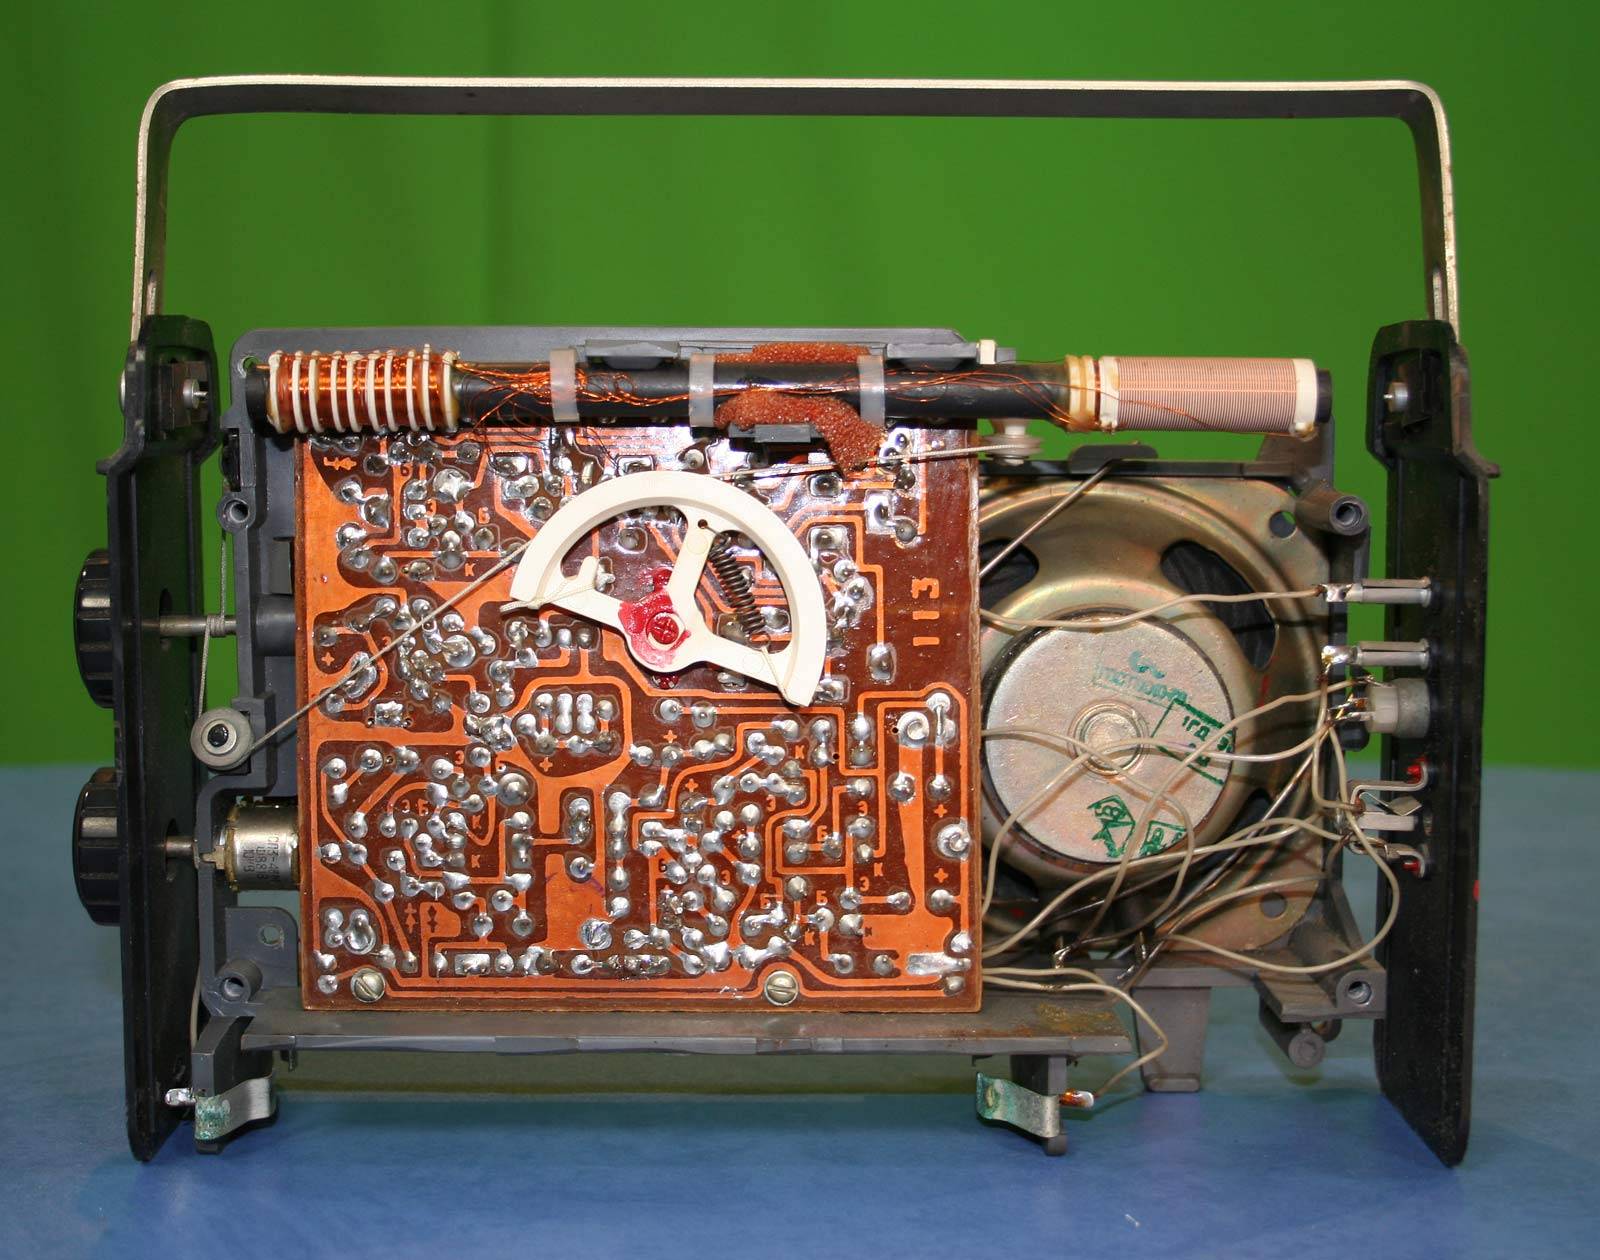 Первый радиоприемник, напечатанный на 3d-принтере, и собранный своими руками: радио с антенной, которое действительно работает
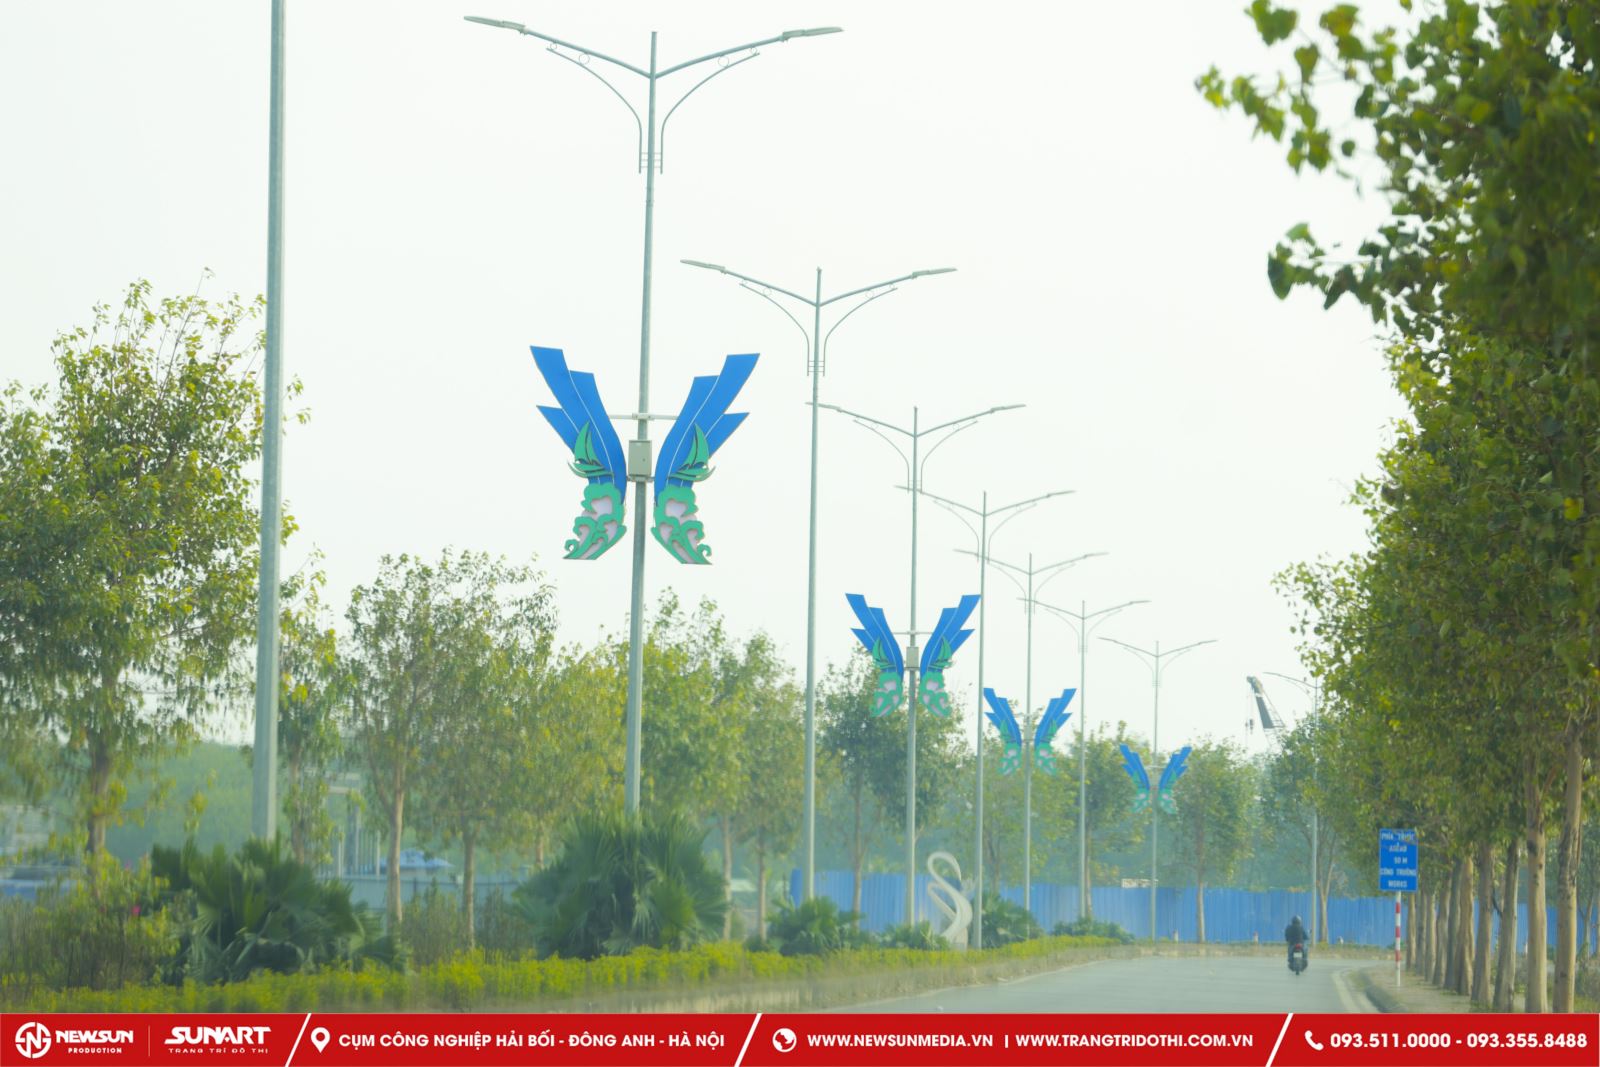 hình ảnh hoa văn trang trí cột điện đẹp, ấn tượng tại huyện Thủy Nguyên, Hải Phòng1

* * *

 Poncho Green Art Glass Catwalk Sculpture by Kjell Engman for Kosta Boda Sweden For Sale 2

**WORK REQUEST**
Above are the records; return the lines in them from the one with "Первый радиоприемник, напечатанный" to the one with "hình ảnh hoa", inclusive, exactly and without images.

**TASK SOLUTION**
 Первый радиоприемник, напечатанный на 3d-принтере, и собранный своими руками: радио с антенной, которое действительно работает
 hình ảnh hoa văn trang trí cột điện đẹp, ấn tượng tại huyện Thủy Nguyên, Hải Phòng1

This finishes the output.